Lecture du livre de la Genèse

 En ces jours-là, les trois visiteurs d’Abraham allaient partir pour Sodome. Alors le Seigneur dit : « Comme elle est grande, la clameur au sujet de Sodome et de Gomorrhe ! Et leur faute, comme elle est lourde ! Je veux descendre pour voir si leur conduite correspond à la clameur venue jusqu’à moi. Si c’est faux, je le reconnaîtrai. » Les hommes se dirigèrent vers Sodome, tandis qu’Abraham demeurait devant le Seigneur. Abraham s’approcha et dit : « Vas-tu vraiment faire périr le juste avec le coupable ? Peut-être y a-t-il cinquante justes dans la ville. Vas-tu vraiment les faire périr ? Ne pardonneras-tu pas à toute la ville à cause des cinquante justes qui s’y trouvent ? Loin de toi de faire une chose pareille ! Faire mourir le juste avec le coupable, traiter le juste de la même manière que le coupable, loin de toi d’agir ainsi ! Celui qui juge toute la terre n’agirait-il pas selon le droit ? » Le Seigneur déclara : « Si je trouve cinquante justes dans Sodome, à cause d’eux je pardonnerai à toute la ville. » Abraham répondit : « J’ose encore parler à mon Seigneur, moi qui suis poussière et cendre. Peut-être, sur les cinquante justes, en manquera-t-il cinq : pour ces cinq-là, vas-tu détruire toute la ville ? » Il déclara : « Non, je ne la détruirai pas, si j’en trouve quarante-cinq. » Abraham insista : « Peut-être s’en trouvera-t-il seulement quarante ? » Le Seigneur déclara : « Pour quarante, je ne le ferai pas. » Abraham dit : « Que mon Seigneur ne se mette pas en colère, si j’ose parler encore. Peut-être s’en trouvera-t-il seulement trente ? » Il déclara : « Si j’en trouve trente, je ne le ferai pas. » Abraham dit alors : « J’ose encore parler à mon Seigneur. Peut-être s’en trouvera-t-il seulement vingt ? » Il déclara : « Pour vingt, je ne détruirai pas. » Il dit : « Que mon Seigneur ne se mette pas en colère : je ne parlerai plus qu’une fois. Peut-être s’en trouvera-t-il seulement dix ? » Et le Seigneur déclara : « Pour dix, je ne détruirai pas. »

Psaume
(Ps 137 (138), 1-2a, 2bc-3, 6-7ab, 7c-8)
R/ Le jour où je t’appelle, réponds-moi, Seigneur.
(cf. Ps 137, 3)

De tout mon cœur, Seigneur, je te rends grâce :
tu as entendu les paroles de ma bouche.
Je te chante en présence des anges,
vers ton temple sacré, je me prosterne.

Je rends grâce à ton nom pour ton amour et ta vérité,
car tu élèves, au-dessus de tout, ton nom et ta parole.
Le jour où tu répondis à mon appel,
tu fis grandir en mon âme la force.

Si haut que soit le Seigneur, il voit le plus humble ;
de loin, il reconnaît l’orgueilleux.
Si je marche au milieu des angoisses, tu me fais vivre,
ta main s’abat sur mes ennemis en colère.
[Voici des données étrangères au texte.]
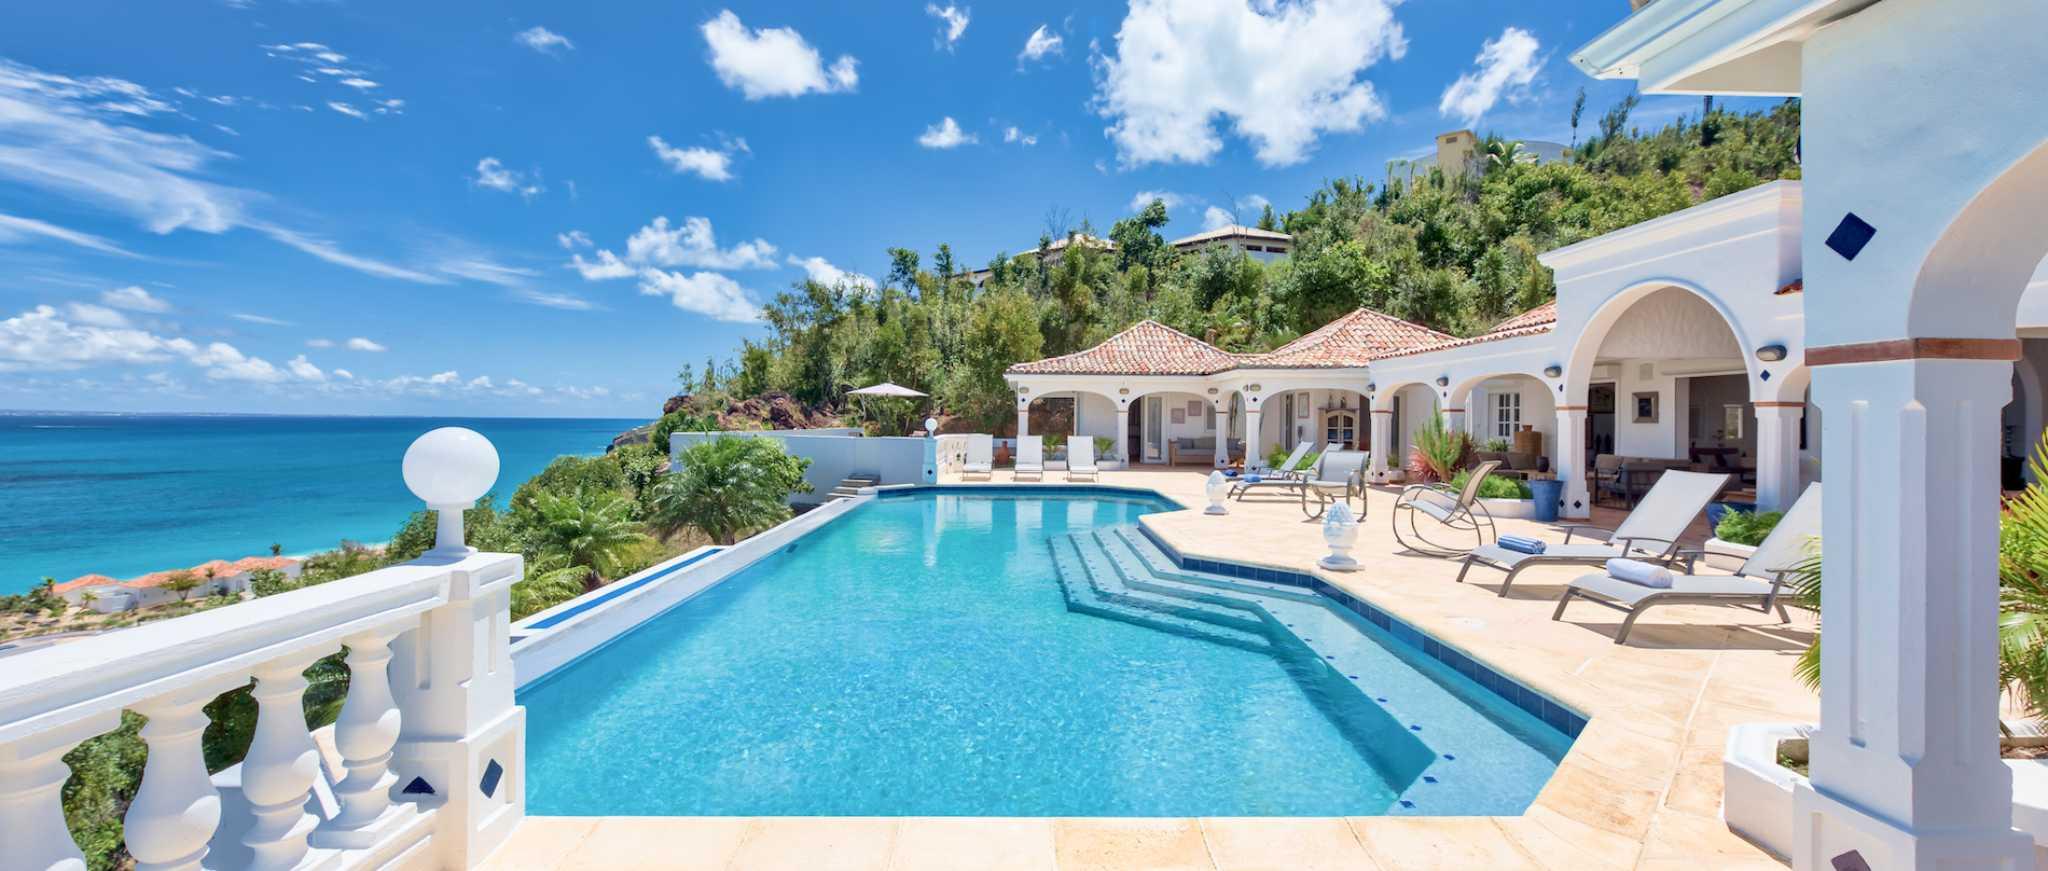 Villa Mezel Terres Basses St Martin Villa For Sale

Ta droite me rend vainqueur.
Le Seigneur fait tout pour moi !
Seigneur, éternel est ton amour :
n’arrête pas l’œuvre de tes mains.

Deuxième lecture
« Dieu vous a donné la vie avec le Christ, il nous a pardonné toutes nos fautes » (Col 2, 12-14)

Lecture de la lettre de saint Paul apôtre aux Colossiens
Frères, dans le baptême, vous avez été mis au tombeau avec le Christ et vous êtes ressuscités avec lui par la foi en la force de Dieu qui l’a ressuscité d’entre les morts. Vous étiez des morts, parce que vous aviez commis des fautes et n’aviez pas reçu de circoncision dans votre chair. Mais Dieu vous a donné la vie avec le Christ : il nous a pardonné toutes nos fautes. Il a effacé le billet de la dette qui nous accablait en raison des prescriptions légales pesant sur nous : il l’a annulé en le clouant à la croix.

Évangile
« Demandez, on vous donnera » (Lc 11, 1-13)
Alléluia. Alléluia.
Vous avez reçu un Esprit qui fait de vous des fils ; c’est en lui que nous crions « Abba », Père. Alléluia. (Rm 8, 15bc)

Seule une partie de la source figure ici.